Creating your first model in dbt - Performance & Efficiency
When creating your first model in dbt, it is helpful to understand how the time to run your model grows as your data grows.
We want to know how the work dbt does changes when the input data size changes.
Analyze the time complexity of the following dbt model SQL code.
select
customer_id,
count(order_id) as total_orders
from {{ ref('raw_orders') }}
group by customer_id
This code creates a model that counts orders per customer from a raw orders table.
Identify the loops, recursion, array traversals that repeat.
- Primary operation: Scanning all rows in the raw_orders table.
- How many times: Once over all rows to group and count orders per customer.
As the number of orders grows, the time to scan and group them grows roughly in direct proportion.
| Input Size (n) | Approx. Operations |
|---|---|
| 10 | About 10 rows scanned and grouped |
| 100 | About 100 rows scanned and grouped |
| 1000 | About 1000 rows scanned and grouped |
Pattern observation: The work grows steadily as the number of rows grows.
Time Complexity: O(n)
This means the time to run the model grows roughly in direct proportion to the number of rows in the input table.

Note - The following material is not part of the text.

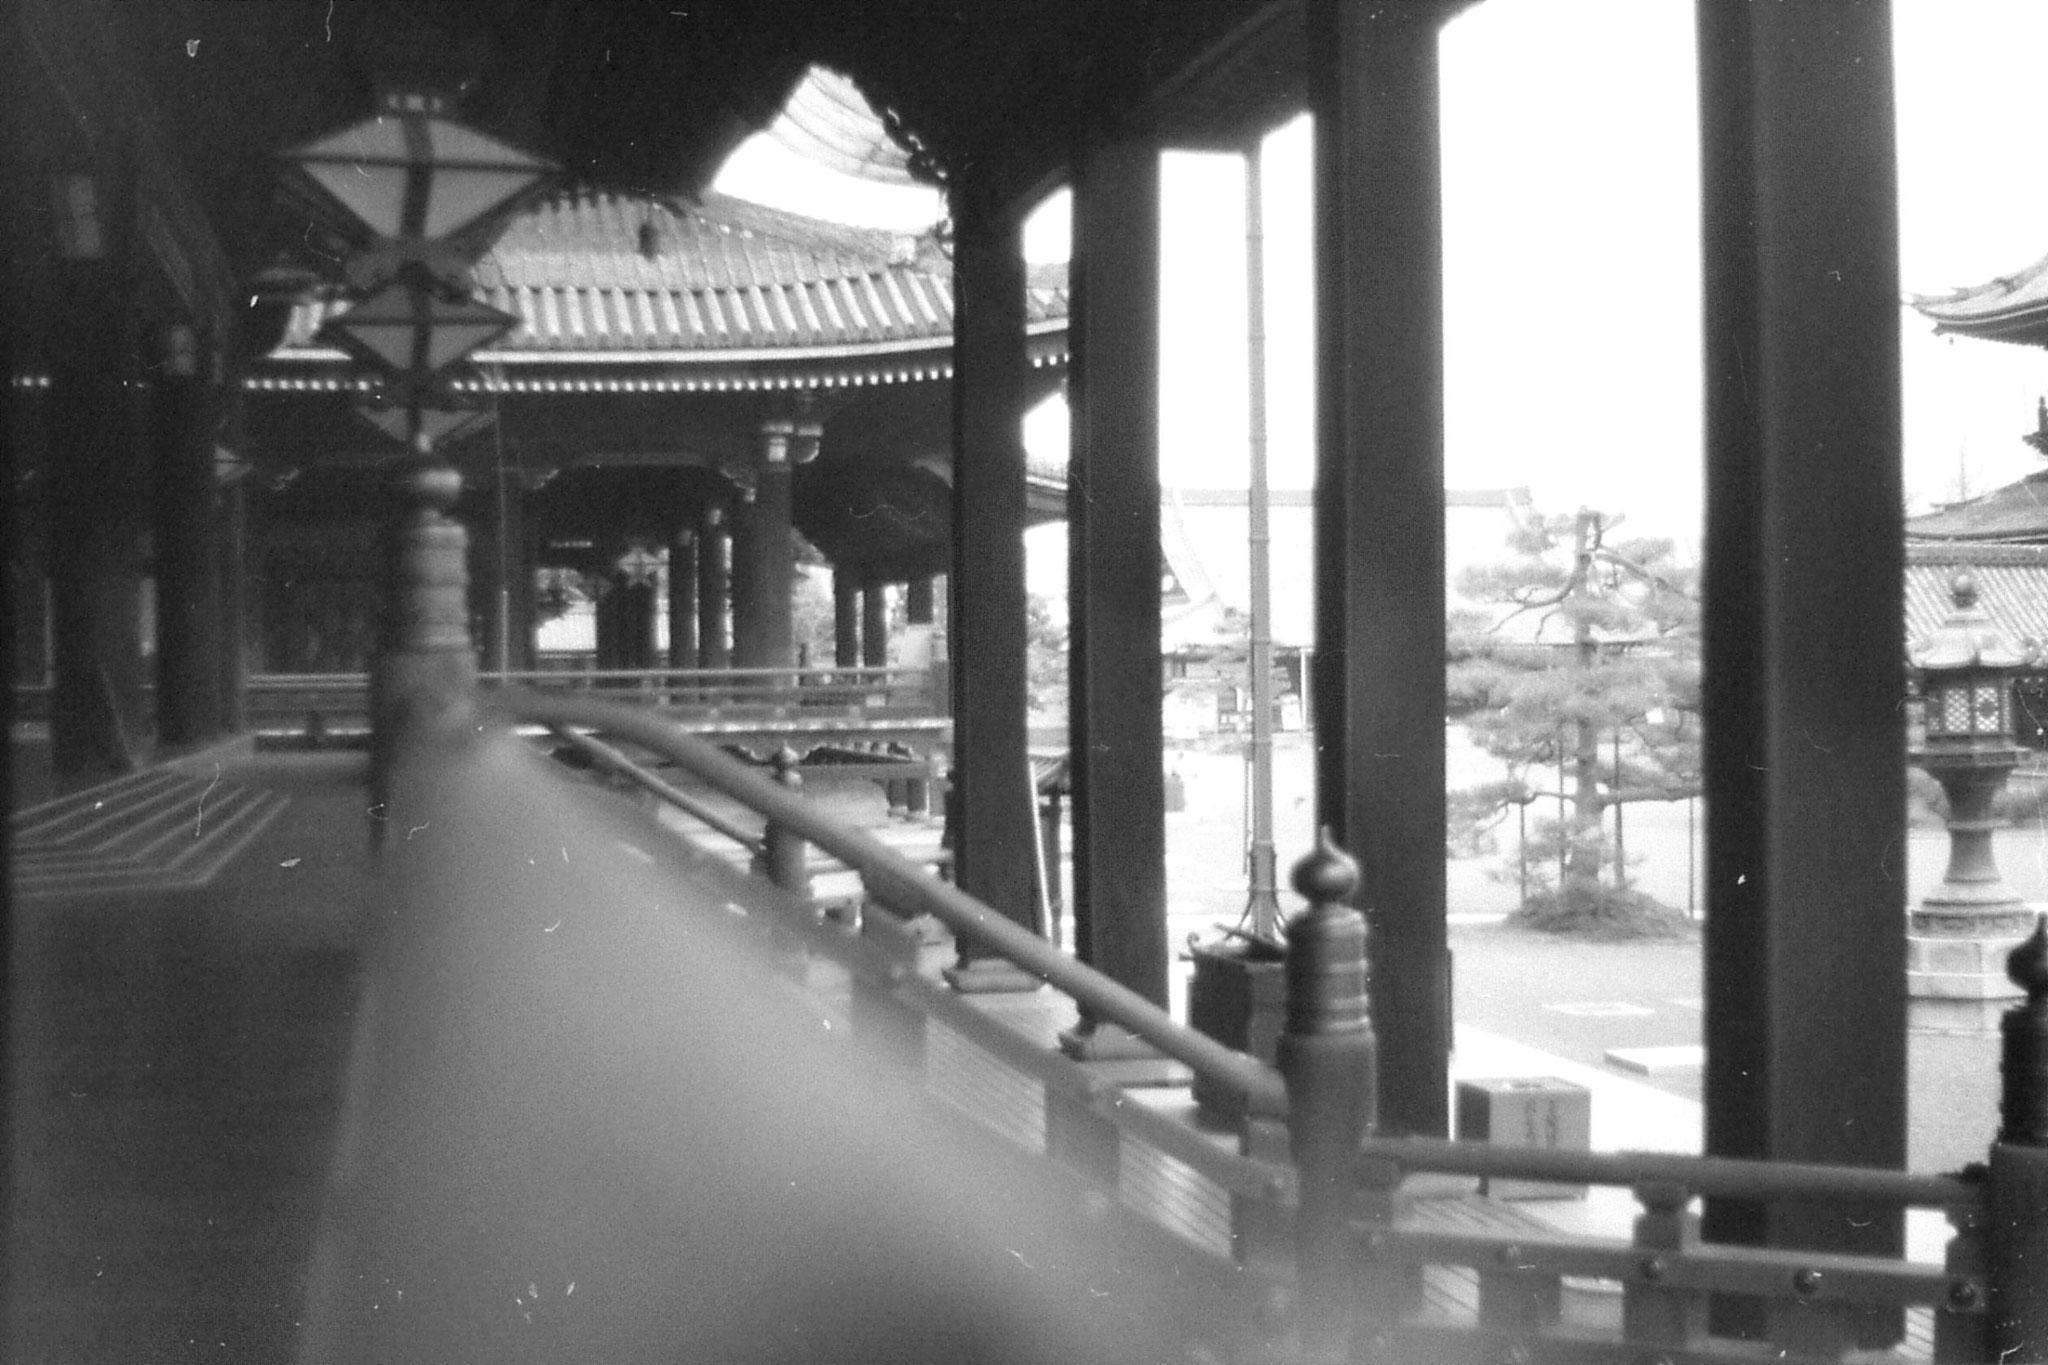 26/1/1989: 3: Kyoto,, Higashi, Honganji temple

[X] Wrong: "Grouping data is instant and does not depend on input size."
[OK] Correct: Grouping requires looking at each row to count, so it takes more time as data grows.
Understanding how data size affects model run time helps you write efficient dbt models and explain your reasoning clearly.
"What if we added a filter to only include recent orders? How would that change the time complexity?"